Meanwhile, YouTube Gaming produced live shows, reorganized its UI a few times and rolled out "sponsorships," allowing viewers to send cash to streamers each month.

Today, YouTube Gaming is lagging behind Twitch when it comes to actual viewer numbers, as demonstrated by the hottest new release: the open beta for Destiny 2. The beta went live July 18th, and it's been a hot topic across the video game community, with dedicated fans clamoring to consume every shiny new weapon, map and mode. Destiny 2 represents big-budget, AAA games with massive audiences -- the gaming industry's bread and butter. So, how is it faring on the two largest live-streaming sites?

Just before 2PM ET today, the most popular Destiny 2 live stream on Twitch had 6,986 viewers, followed by one with 3,641. At the same time on YouTube Gaming, the top stream had 390 viewers, followed by a stream with 263.

Viewers are crucial to the live-streaming giants, but they aren't everything. YouTube Live, the hub that houses YouTube Gaming, is actually growing faster than Twitch when it comes to the number of streamers on each site -- much faster.

As reported by Streamlabs, the number of monthly active broadcasters on YouTube Live grew 330 percent between November 2016 and March 2017, while that figure was just 19 percent for Twitch. In March, YouTube Live had a total of 76,179 monthly streamers, while Twitch hosted 259,861. But, notably, YouTube Live added 8,331 new broadcasters in that same time frame, while Twitch snagged only 3,363.

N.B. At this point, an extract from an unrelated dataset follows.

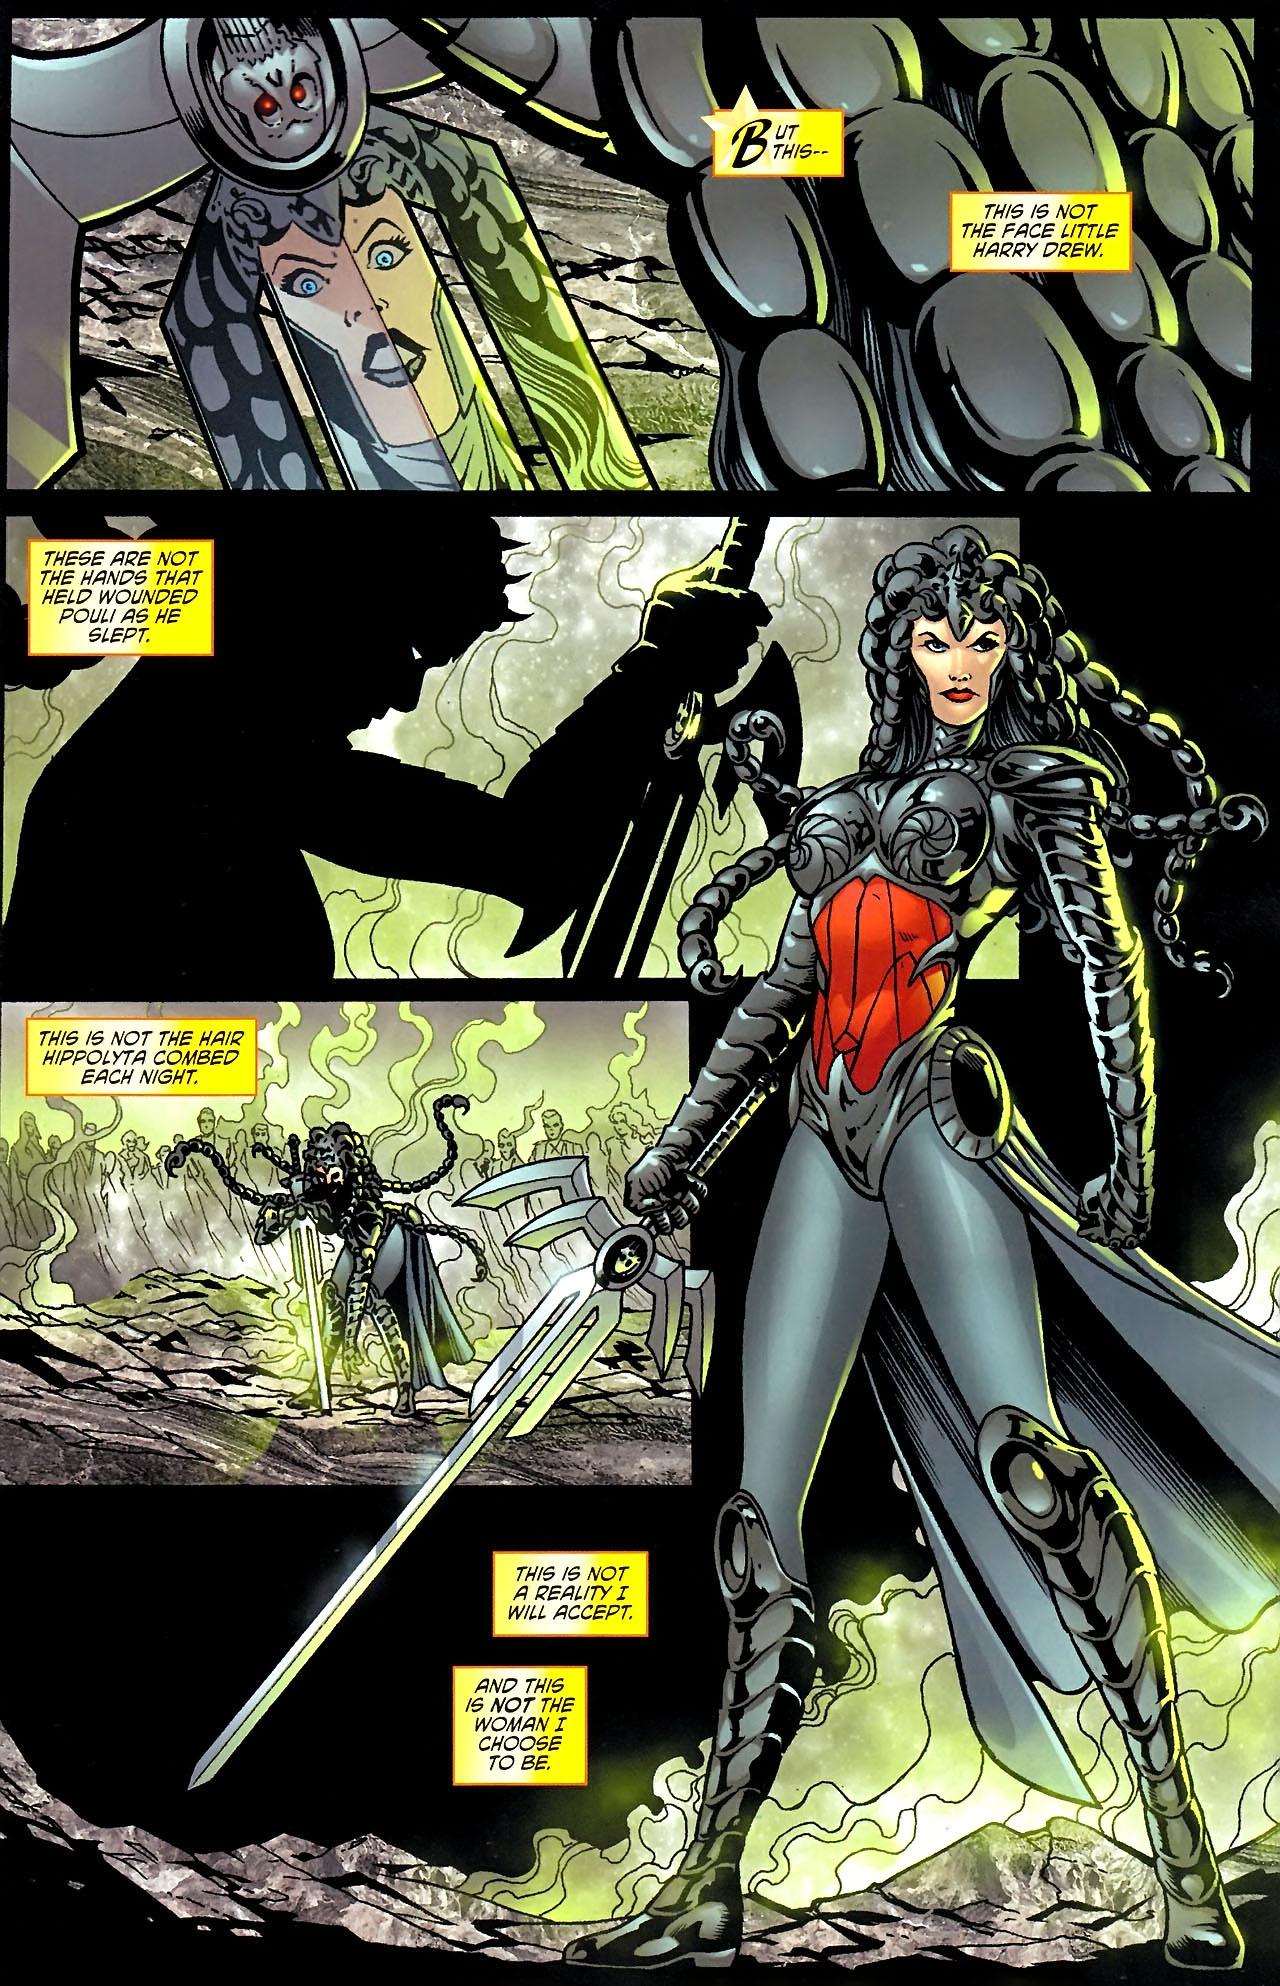 Read online Wonder Woman (2006) comic -  Issue #614 - 11

Twitch has been around in its current form, more or less, since 2011, meaning slower growth is expected. However, being the OG video-game-streaming site has definite advantages, especially when that's paired with financial and structural support from Amazon. Twitch has taken control of its in-stream economy, responding to third-party tipping services like Revlo with built-in options for paying streamers and expanded support systems for the site's middle class of broadcasters. All of this means Twitch streamers are raking in far more money than folks on YouTube Gaming, at least when it comes to live content.

Twitch was responsible for 96 percent of all the tips generated on both sites in Q1 2017, with $22.55 million. YouTube Live, meanwhile, generated $940,000. Of course, Twitch had hundreds of thousands more streamers than YouTube Live -- and this figure was calculated before Twitch rolled out its Bits economy in June 2016.

Both sites have a history of learning (and stealing ideas) from each other, though YouTube's main focus is still recorded video -- and it is the undisputed champion in this space -- while Twitch is miles ahead in the live-video market. Much like election polls, the Destiny 2 beta offers a snapshot of live-streaming life on Twitch and YouTube Gaming. It does not suggest either endeavor is failing or succeeding on its own, but in conjunction with historical data points, it offers a glimpse into these competing communities as they attempt to cash in on the most popular new title around.